Uncompressed, the mysqldump was 518 MB and took 21 seconds to complete. So that is our baseline for our tests. The following is the command to issue our mysqldump without any compression.

time mysqldump --routines --all-databases > /root/all_databases.sql

I then issued the same dump and redirected the output to different compression levels with both gzip and xz. We are redirecting the mysqldump output directly to compression to maximize performance and reduce disk space usage. The following are examples of the default compression level for both gzip and xz.

time mysqldump --routines --all-databases | gzip -6 > /root/all_databases.sql.gz

time mysqldump --routines --all-databases | xz -6 > /root/all_databases.sql.xz

After completing the mysqldump numerous times with different compression levels, I created a chart with the results of each dump including the time it took to complete, the size of the compressed dump, and the difference in size and time to complete compared to our control with no compression.

gzip vs xz

Looking at the chart briefly, we can see the obvious pros and cons of xz. For starters, the compression level is superior to gzip.
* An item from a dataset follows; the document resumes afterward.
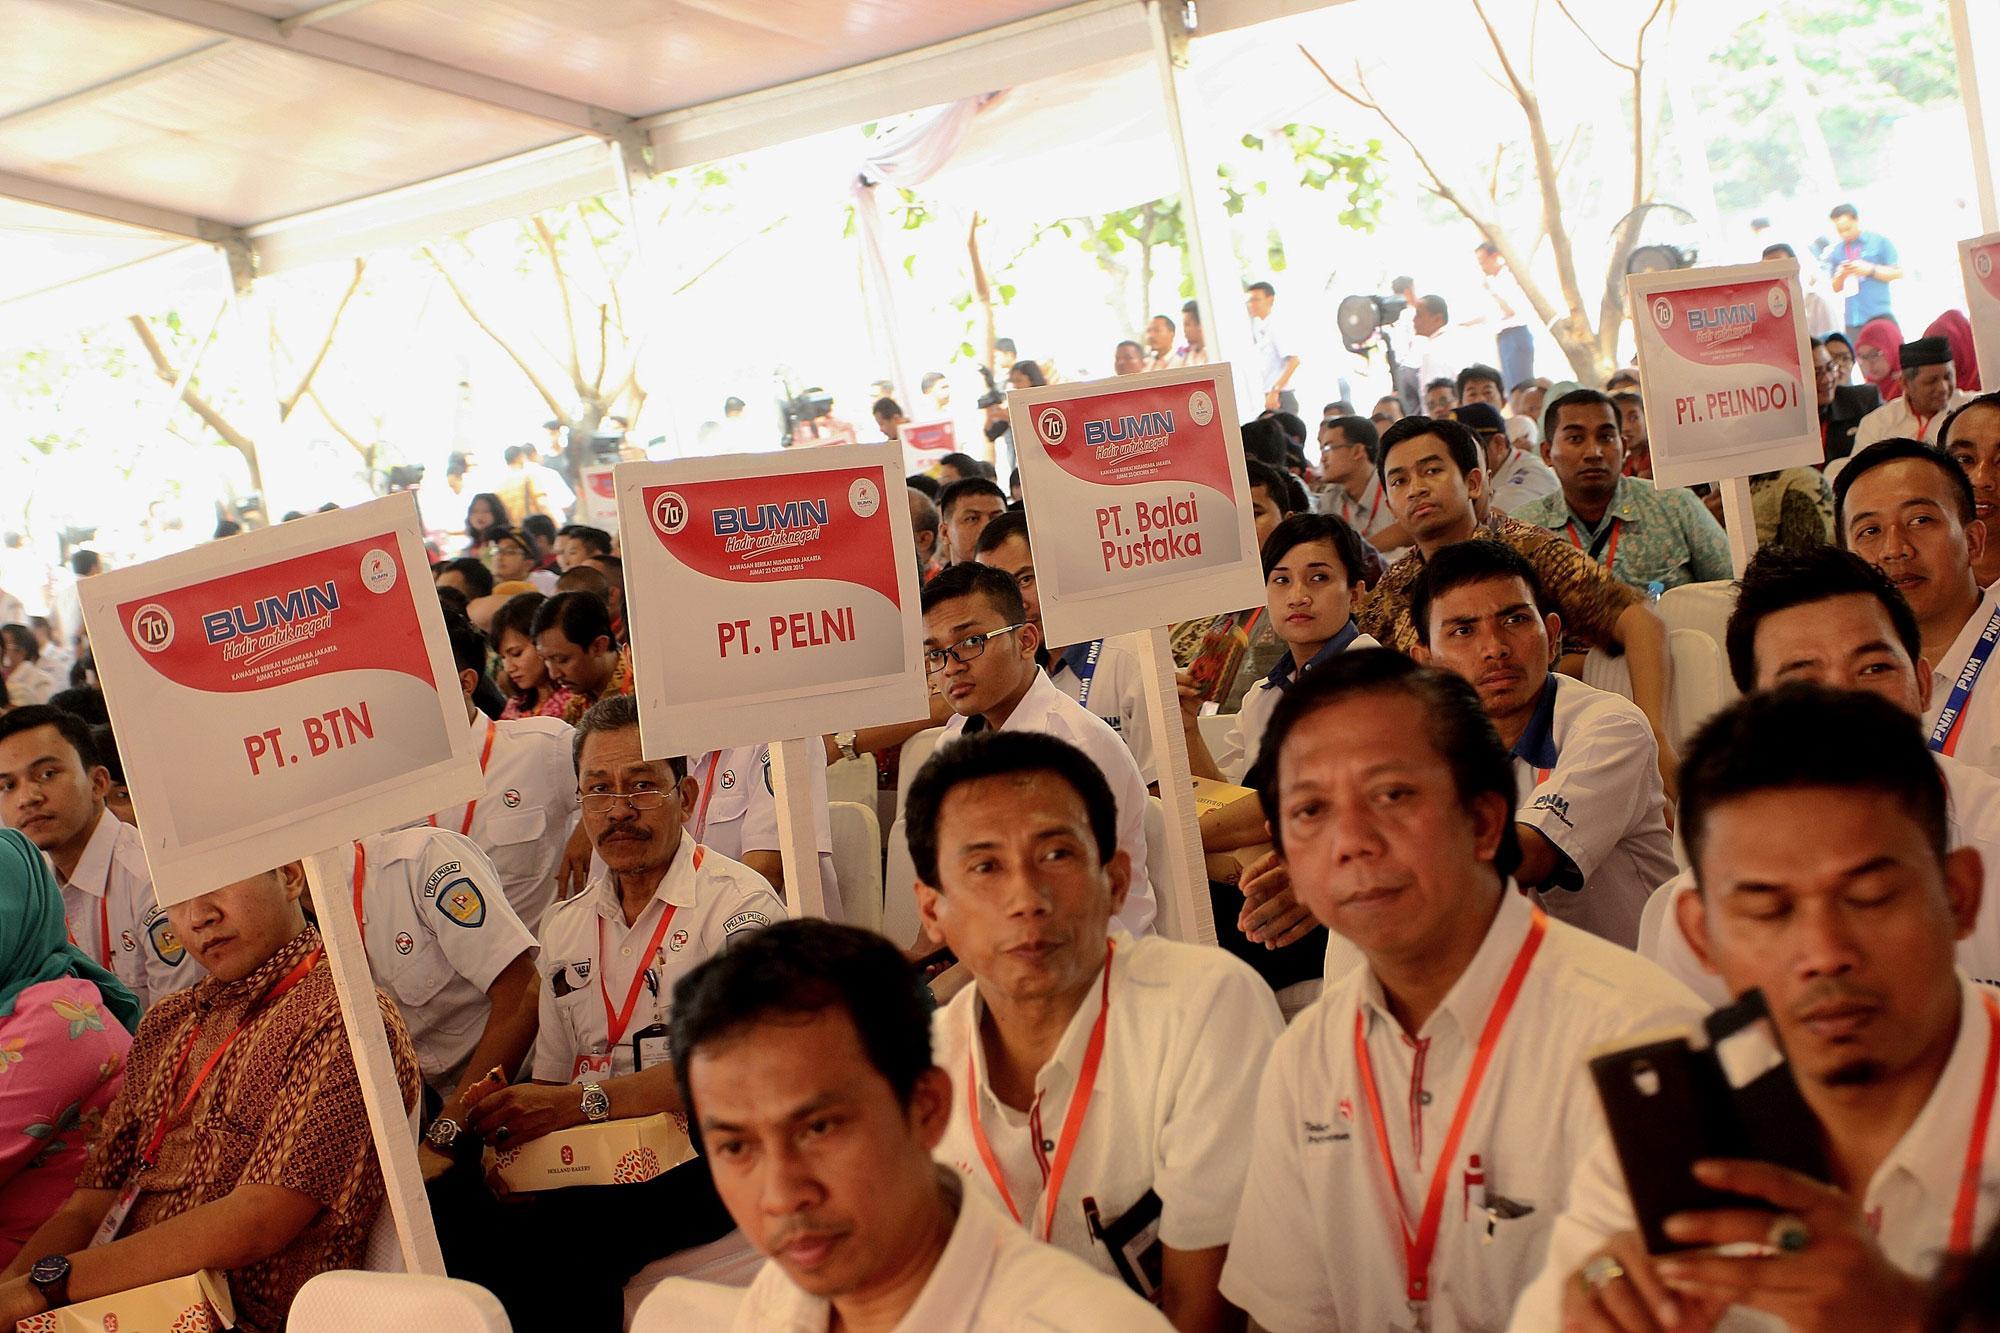 Dihadiri hampir 6000 karyawan tingkat dasar seluruh Kementerian BUMN Republik Indonesia beserta seluruh Badan Usaha Milik Negara (BUMN) di Indonesia, saat menggelar rangkaian acara \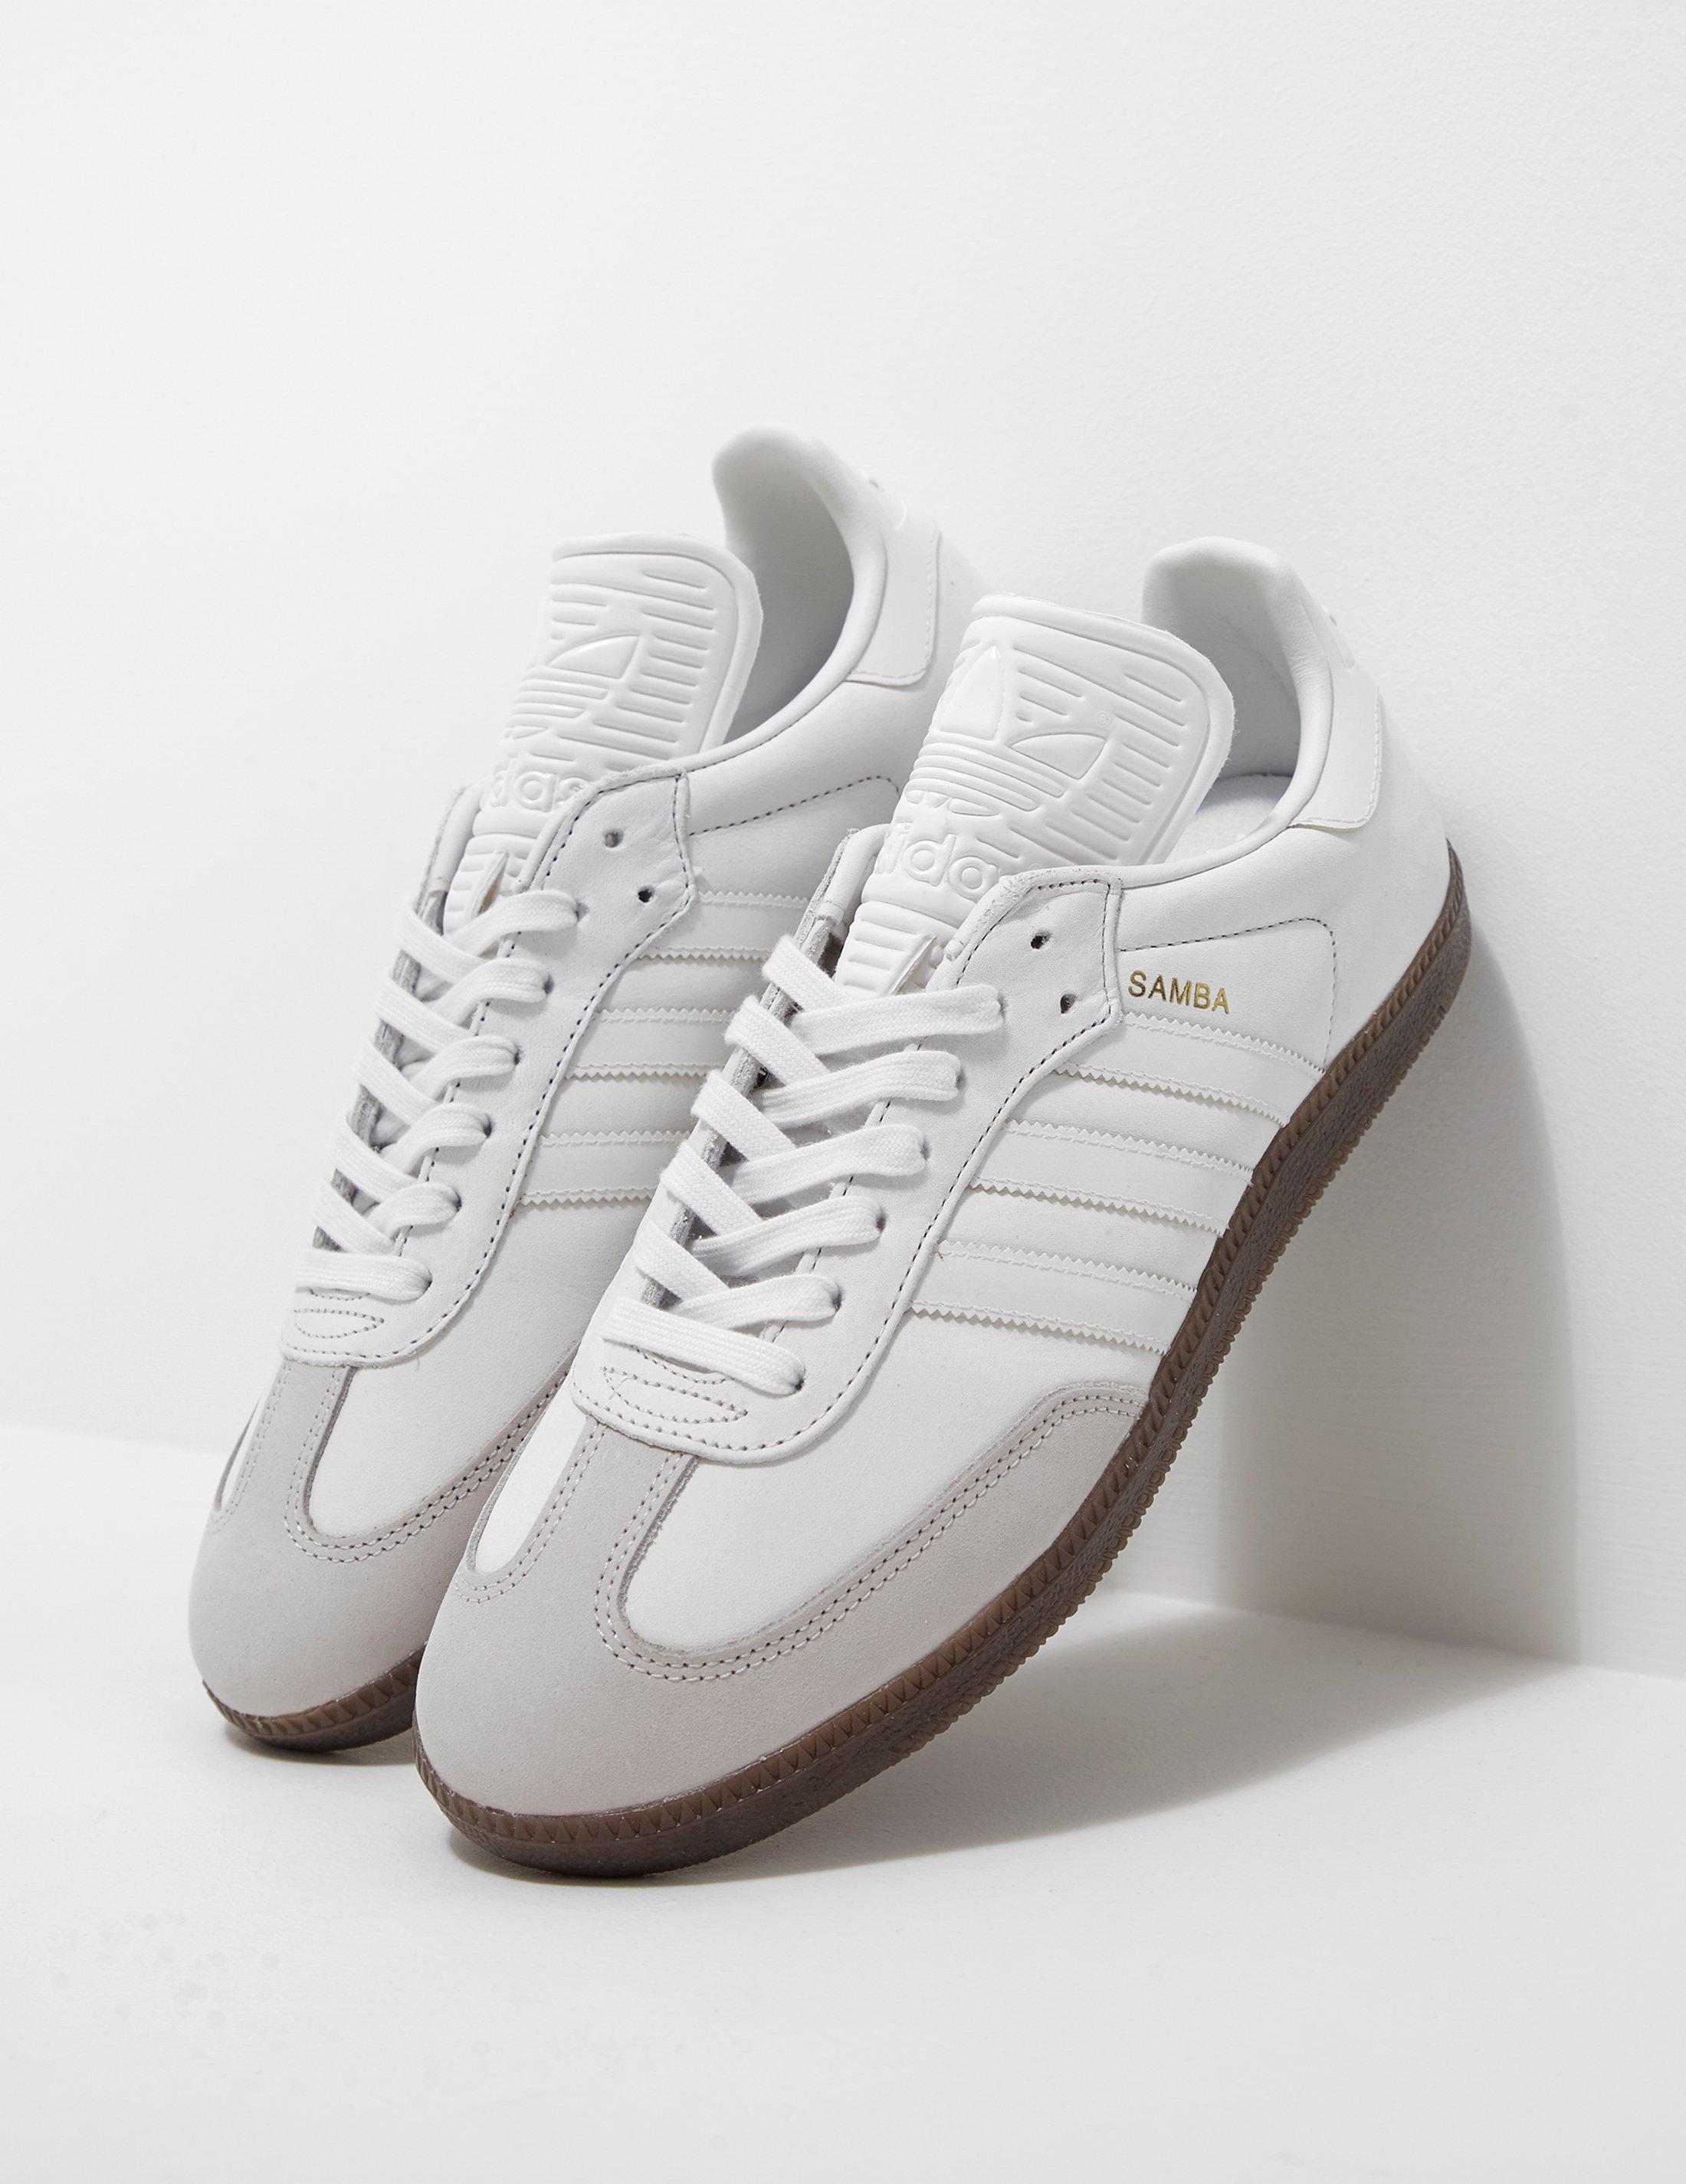 9541b2358 ... shoes white core black clear granite bz0057 8 d 02595 f448f  canada  gallery. previously sold at tessuti uk mens adidas samba ca082 8e3d2

Even at the lowest level of compression with xz, the final sql dump is smaller than the highest compression level gzip. However, this comes at a pretty big cost: the time it takes to compress.

If your dumping a production database of MyISAM tables, your tables are locked during the dump. If your redirecting that dump to xz at the default compression level of 6, its possible you can see a 1000% or more increase in the time it takes to complete the dump, which is not okay in production.

We can see that xz does offer superior compression at lower compression levels without dramatically increasing the time to completion. The following chart shows the increase in time to completion with each compression level

Time to complete

Conclusion

  • When your in a hurry and have plenty of disk space available: gzip is your friend. Its quick and even at the lowest compression level you can see a 75% reduction in size of the dump
  • When disk space is of concern: xz offers superior compression. At the lowest level of compression the final size of the dump can be more than 90% smaller while only increasing the dump time by around 60%.

Other optimizations

One area this test did not cover was further optimizations in the tools themselves to allocate more resources to the compression. Splitting the compression between multiple threads can have a great impact in the time it takes to complete. You can also allocate more memory to the compression buffers as well.

I wanted to provide a baseline comparison so you can choose the best option for the server your working on. If your dumping a large dataset on a small 2 CPU virtual machine, you may not have free resources to allocate to the compression itself. Whereas if you are on a 24 CPU dedicated server, you may be able to increase the amount of memory and CPU the compression utility is allowed to use and thus drastically reduce the time it takes to complete.

I recommend testing your options once you pick a compression level that suits your needs best. If you are creating your own backup script for your database server, run it a few times with different options to get the best backup strategy that works for your workload, as they are all different.

Considerations

One last note to keep in mind, compression size and time can be very dependent at what you are throwing at it. Your results could be very different depending on the data you are compressing. The table and results provided are not a baseline for all compression, it is looking specifically at dumping sql text and your results could be very different depending on what is in your database.